Records provided
──────────────────────────────
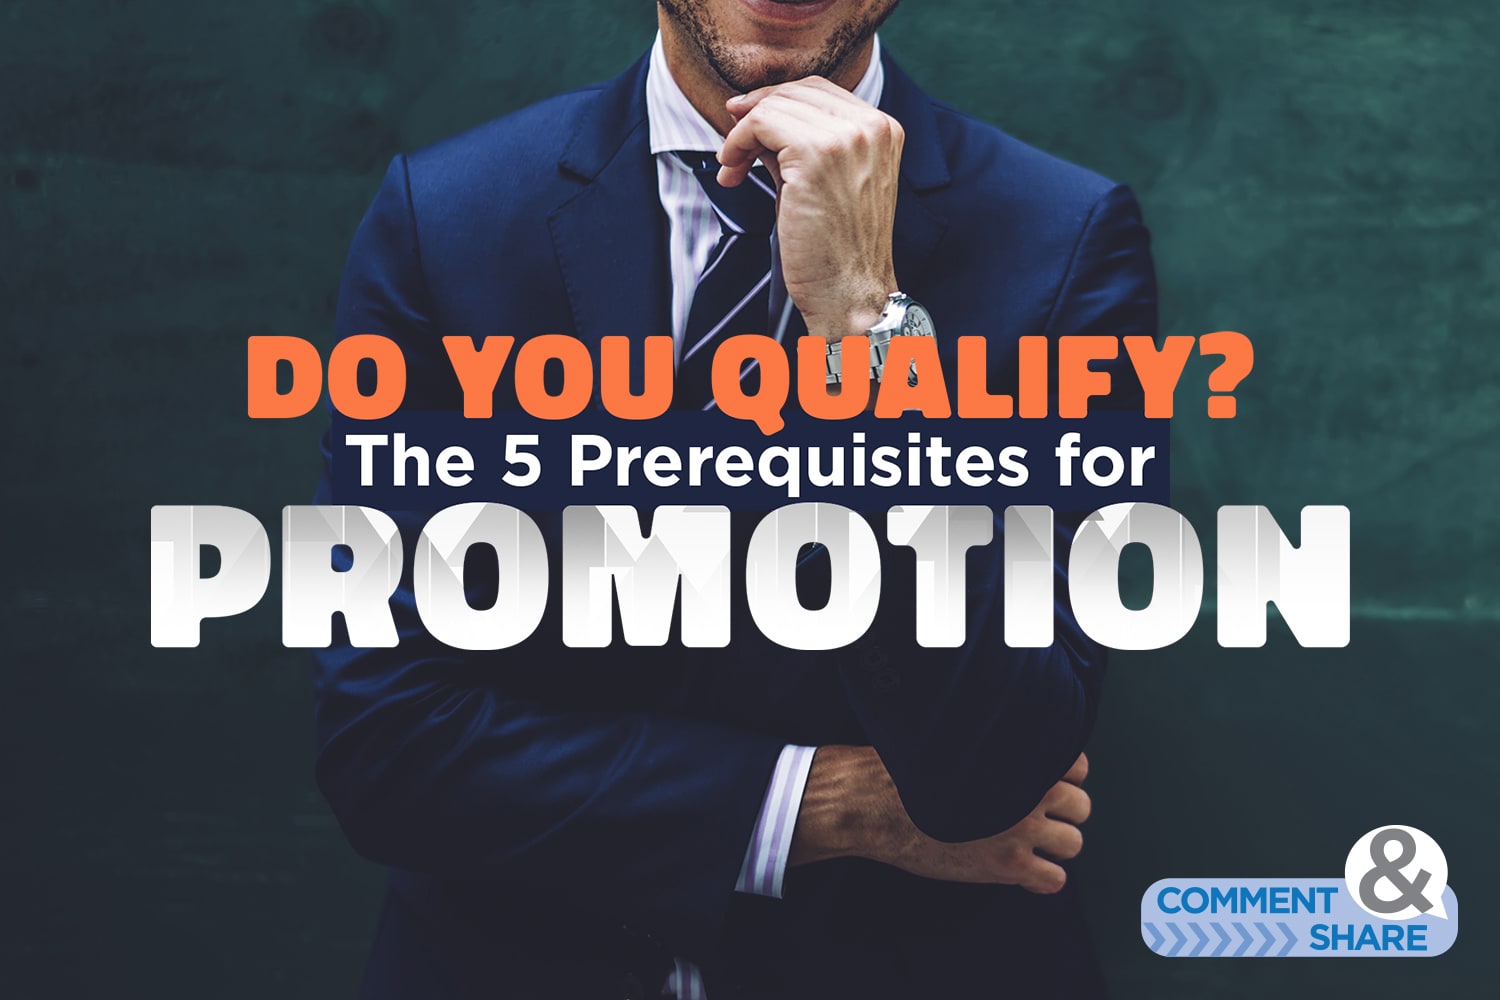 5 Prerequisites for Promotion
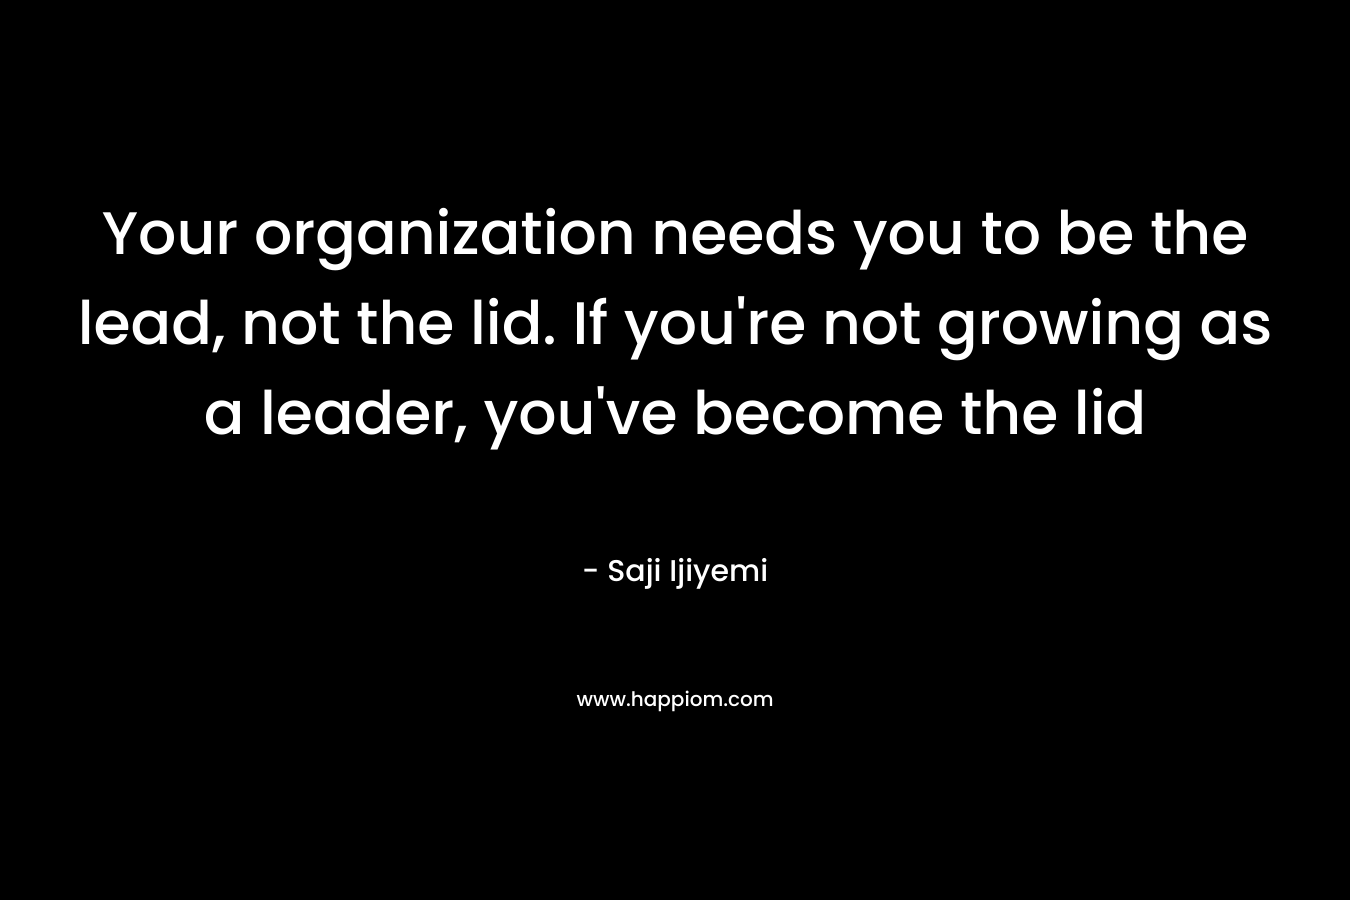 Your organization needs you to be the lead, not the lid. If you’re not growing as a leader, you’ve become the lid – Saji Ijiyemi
──────────────────────────────
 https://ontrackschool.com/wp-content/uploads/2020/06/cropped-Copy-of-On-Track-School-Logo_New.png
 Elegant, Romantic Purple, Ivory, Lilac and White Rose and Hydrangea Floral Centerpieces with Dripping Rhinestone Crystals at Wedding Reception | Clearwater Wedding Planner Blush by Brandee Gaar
──────────────────────────────
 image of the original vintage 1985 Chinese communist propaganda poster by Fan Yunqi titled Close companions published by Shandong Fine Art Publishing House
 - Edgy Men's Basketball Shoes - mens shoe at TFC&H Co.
──────────────────────────────
Your objective
With the pictures omitted, copy exactly the lines of the listing above starting at the line containing "5 Prerequisites for Promotion" and ending at the line containing "Your organization needs", both included.

Answer space
 5 Prerequisites for Promotion
 Your organization needs you to be the lead, not the lid. If you’re not growing as a leader, you’ve become the lid – Saji Ijiyemi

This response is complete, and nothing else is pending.